A column was deleted on the source table, when I ran LSDP it failed with error DELTA_STREAMING_INCOMPATIBLE_SCHEMA_CHANGE_USE_LOG : Streaming read is not supported on tables with read-incompatible schema changes( e.g: rename or drop or datatype changes)

what is the recommended approach to handle column deletions or datatype changes on source table in Lakeflow SDP.

1 ACCEPTED SOLUTION

Accepted Solutions

SteveOstrowski
Databricks Employee
Databricks Employee

Hi IM_01,

You can set pipelines.reset.allowed as a table property directly in your pipeline definition.
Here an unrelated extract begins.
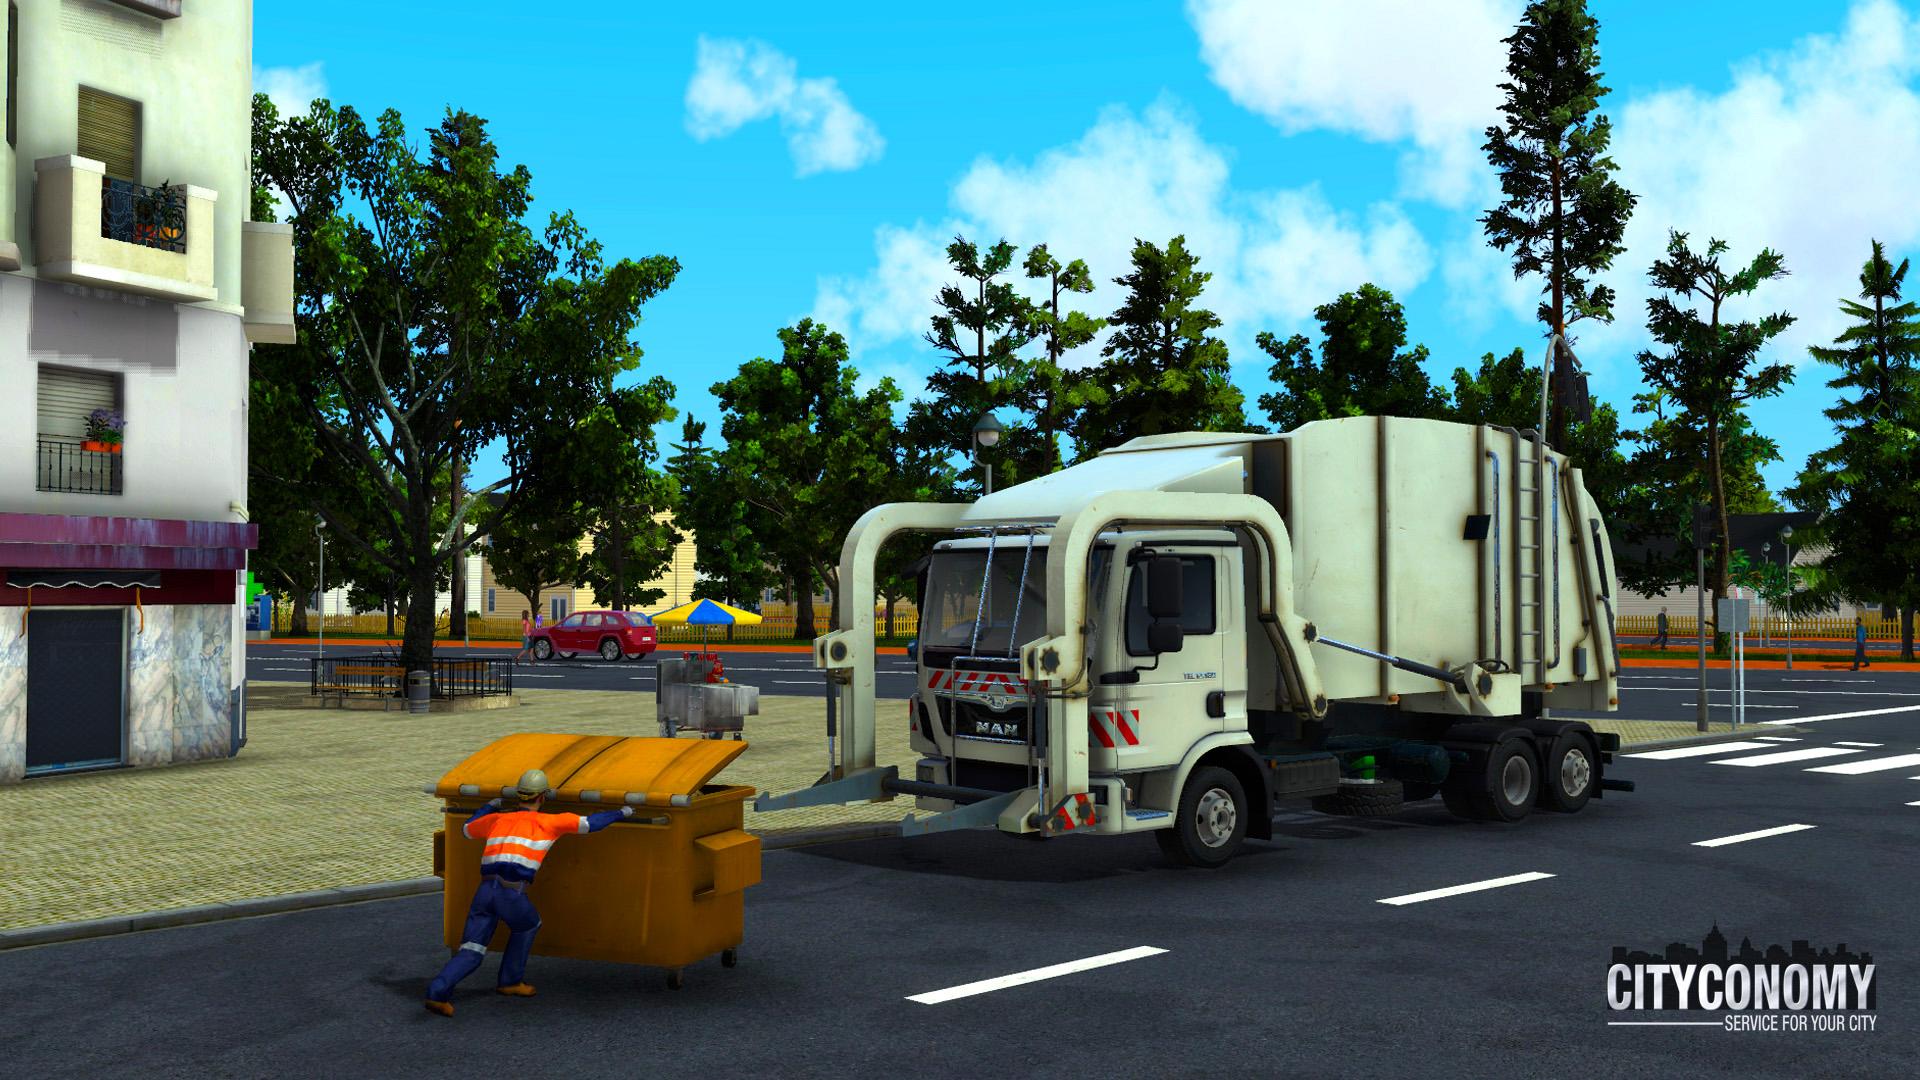 V simulátoru Cityconomy se budete starat o veřejné služby města 116072

The approach depends on whether you are using Python or SQL:

Python:

@dlt.table(
    table_properties={"pipelines.reset.allowed": "true"}
)
def my_streaming_table():
    return (
        spark.readStream.format("cloudFiles")
        .option("cloudFiles.format", "json")
        .load("/path/to/data")
    )

SQL:

CREATE OR REFRESH STREAMING TABLE my_streaming_table
TBLPROPERTIES ("pipelines.reset.allowed" = "true")
AS SELECT * FROM STREAM(LIVE.source_table);

Setting this to "true" allows a full refresh of that specific table, which is what you need to resolve the DELTA_STREAMING_INCOMPATIBLE_SCHEMA_CHANGE_USE_LOG error. Once you set the property and do a full refresh to pick up the schema change, you may want to set it back to "false" afterward to prevent accidental full refreshes in production.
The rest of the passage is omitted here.